На лестнице дождь звучал по-другому, а вверху, на площадке, казалось, будто он попался в ловушку и теперь барабанит по стеклу не снаружи, а внутри и вдобавок роется в старых журналах на подоконнике, до которых никто не дотрагивался после смерти отца. Мерное дыхание Ричарда дало сбой, и я постоял у его двери, прислушиваясь, не проснулся ли он. Осторожно, нерешительно я вошел в нашу спальню. Тьма, окутанная дождем, казалась непроницаемой, только в зеркале над отцовским бюро мерцал белесоватый овальный облик. Боясь разбудить Пегги, я не стал искать свою пижаму, а полез под одеяло в нижнем белье. Мне показалось, что я провалился в гигантскую яму. Моей ноге пришлось описать широкую дугу, чтобы дотронуться до прохладного тела Пегги. Она лежала на спине. Окно с моей стороны было опущено не донизу, и узкая призма ночного воздуха усиливала шелест дождя, разворачивала его звуковой радугой. Холодные брызги секли мне лицо, руку, лежавшую на подушке, голую грудь. Я чихнул. Вся труха, вся цветочная пыльца, все, чего я наглотался за этот трудовой день, скопилось у меня под переносицей. Я чихнул еще раз.

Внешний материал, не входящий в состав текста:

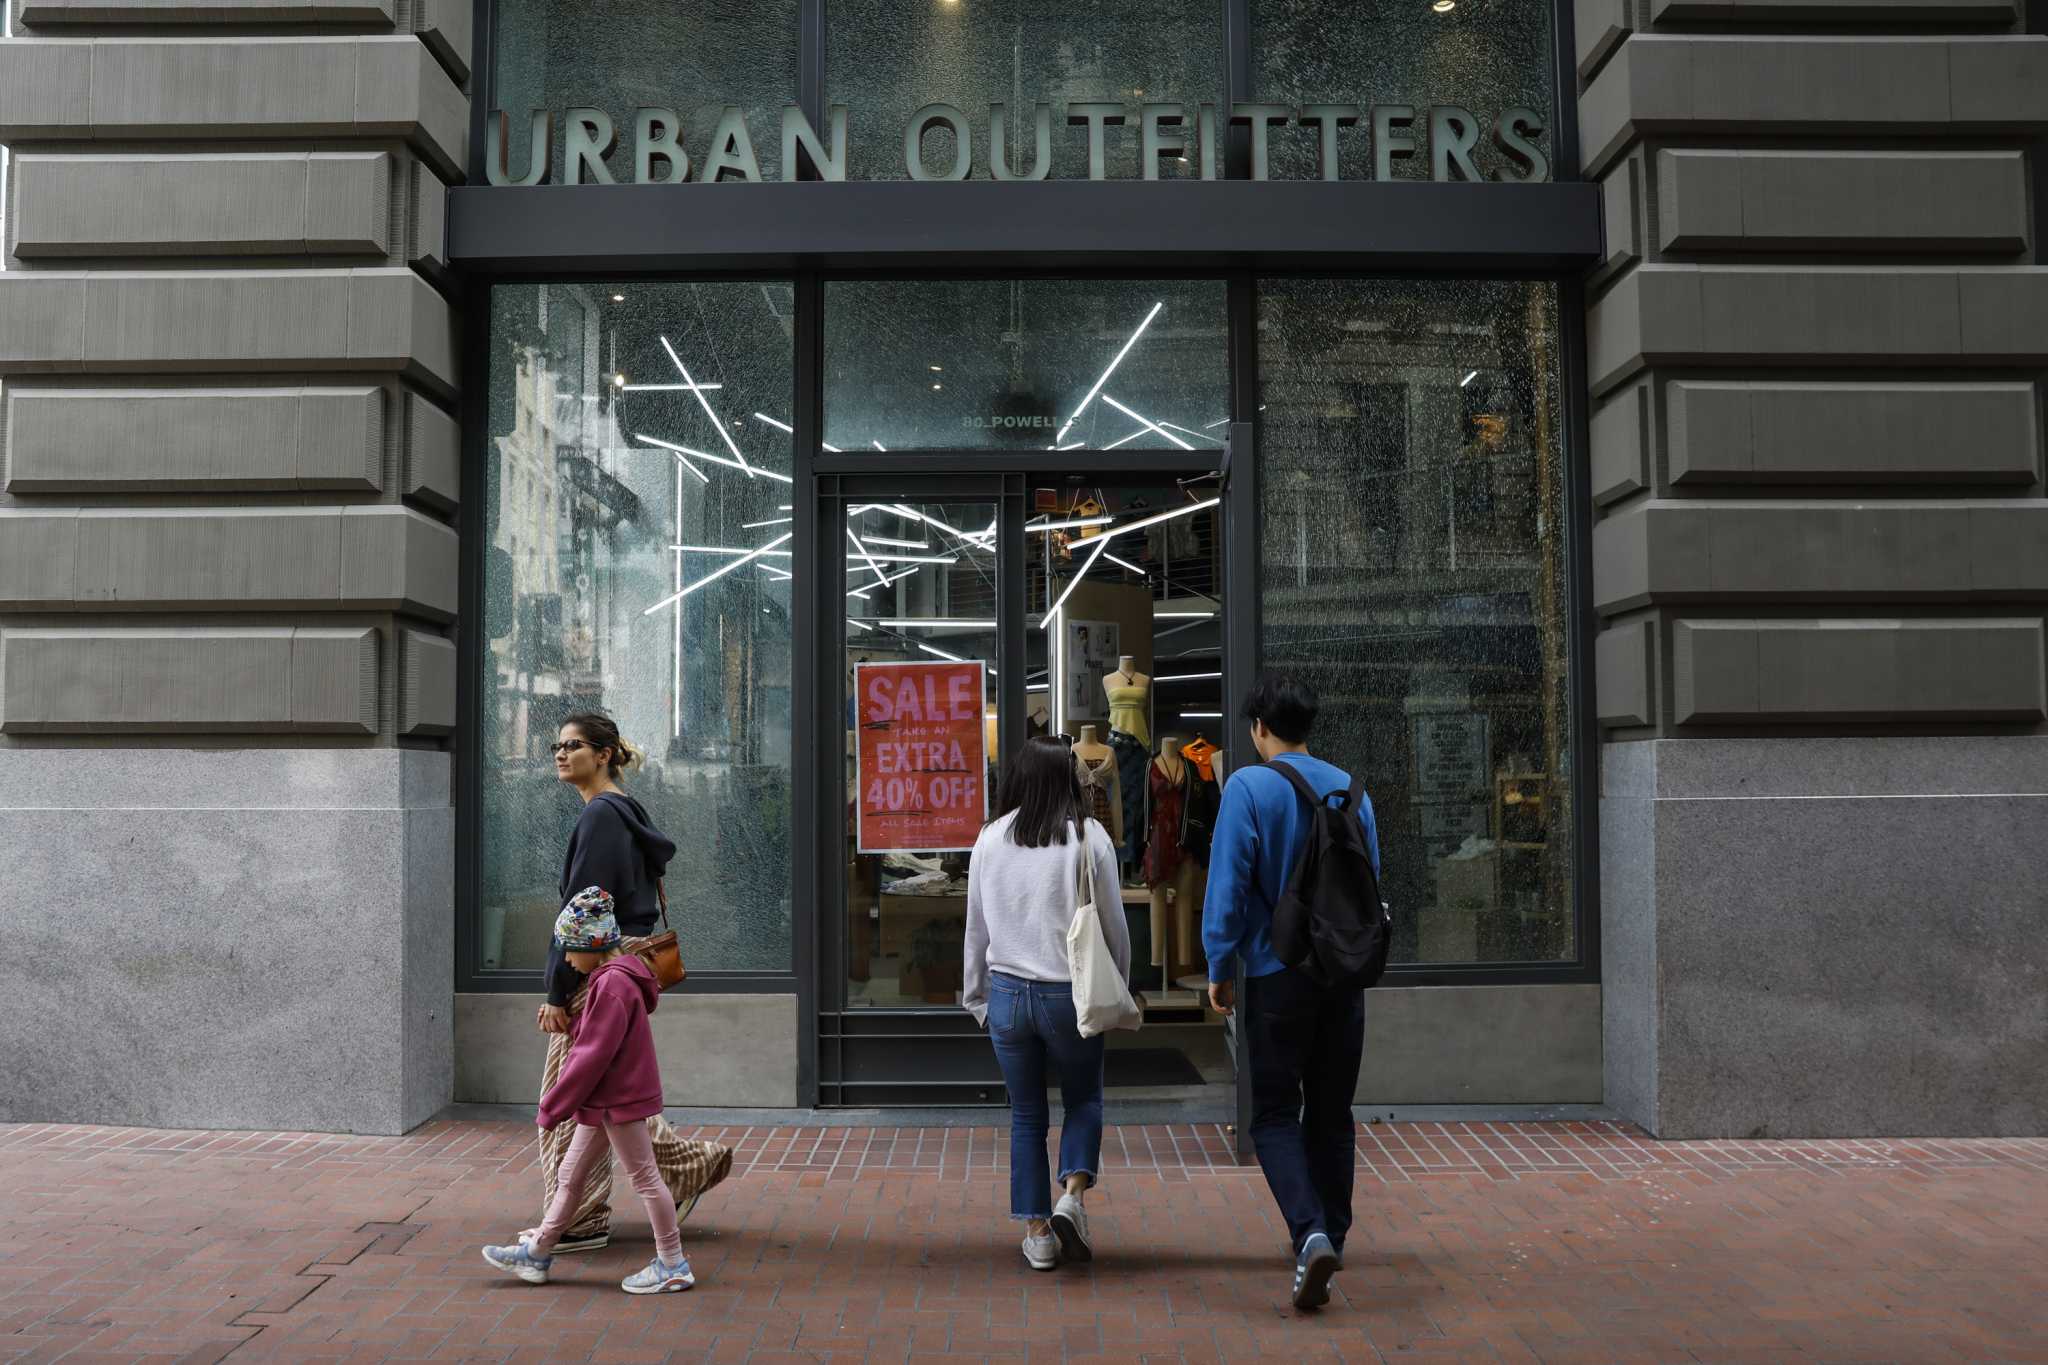 Downtown SF exodus: Inside one of the last big stores in retail hub
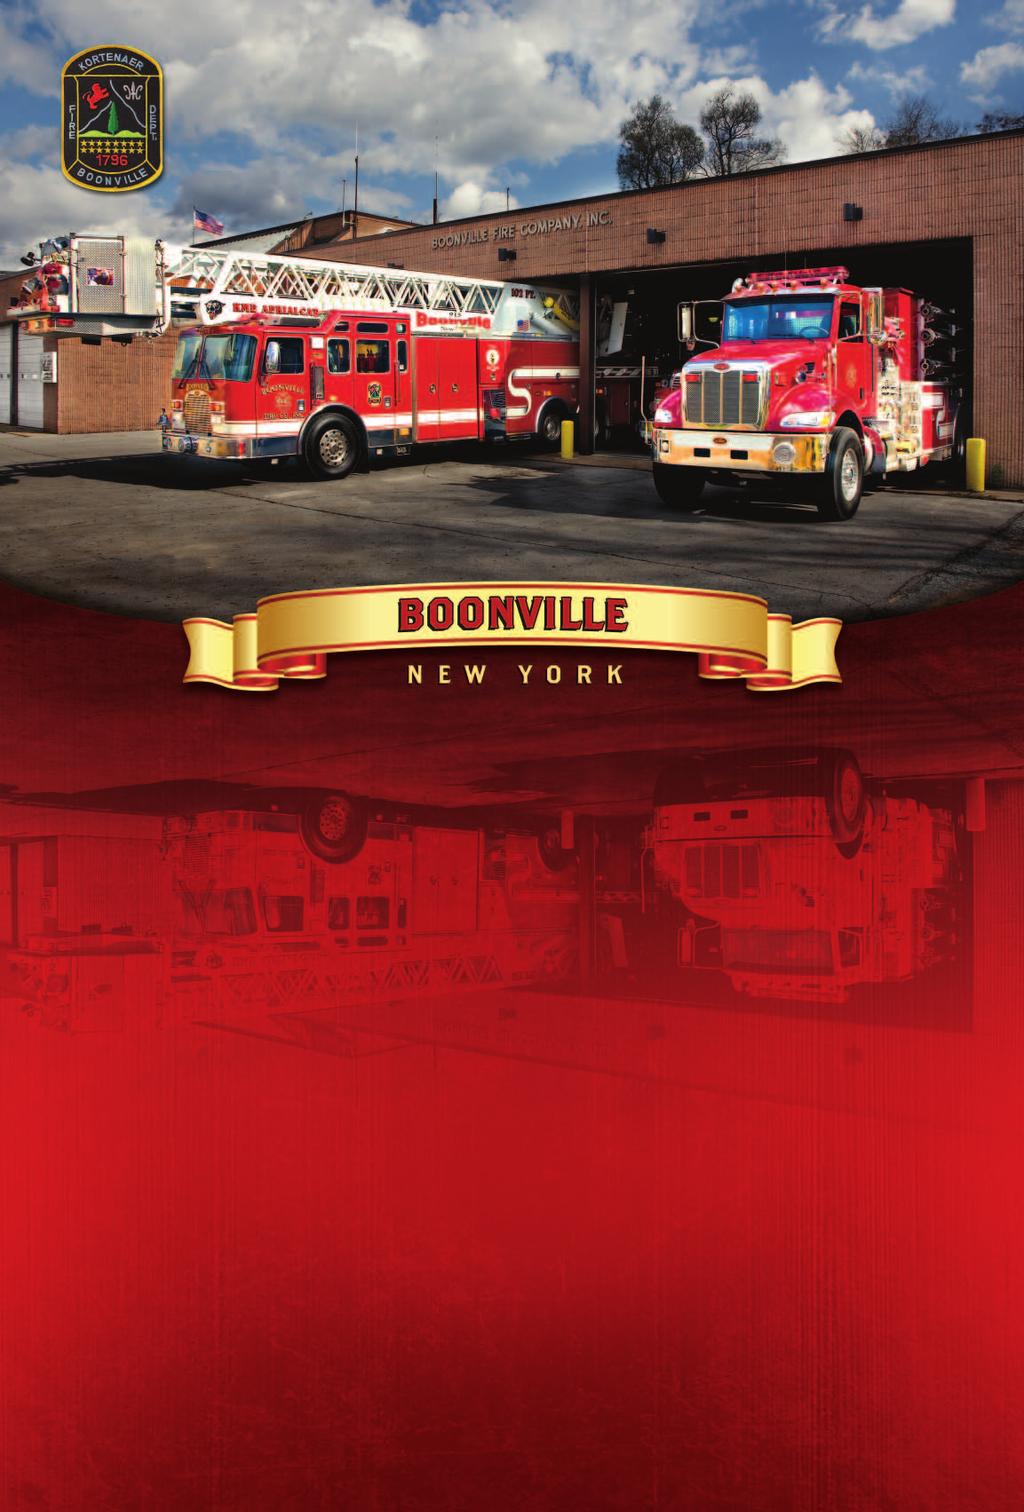 Boonville Volunteer Fire Company Proudly Serving the Boonville Community Since 1892 AUGUST JULY 1 2 3 4 5 6 7 8 9 10 11 12 13 14 15 16 17 18 19 20 21 22 23 24 25 26 27 28 29 30 31 SEP TEMBER 1 2 3 4

— О господи, — сказала Пегги.
— Ты оставила открытым окно, от этого… — Я опять чихнул. — …сквозняк. Можно, я закрою?
— Нет.
— Ладно. Убивай меня. — Я напрягся всем телом, готовясь чихнуть снова, но в эту минуту рука Пегги захлестнулась вокруг меня тугим объятием побеждающего в схватке борца; и эта мелочь, тяжесть ее руки у меня на груди мгновенно изменила мое самочувствие и вернула мне ясность ощущений.
— Какая чувствительность. — Тон был сухой. — Тебе бы вовсе не покидать материнской утробы.
— А что, там было очень уютно. Всегда ровная комнатная температура. — Она молчала, и я спросил: — Ты слушала наш разговор?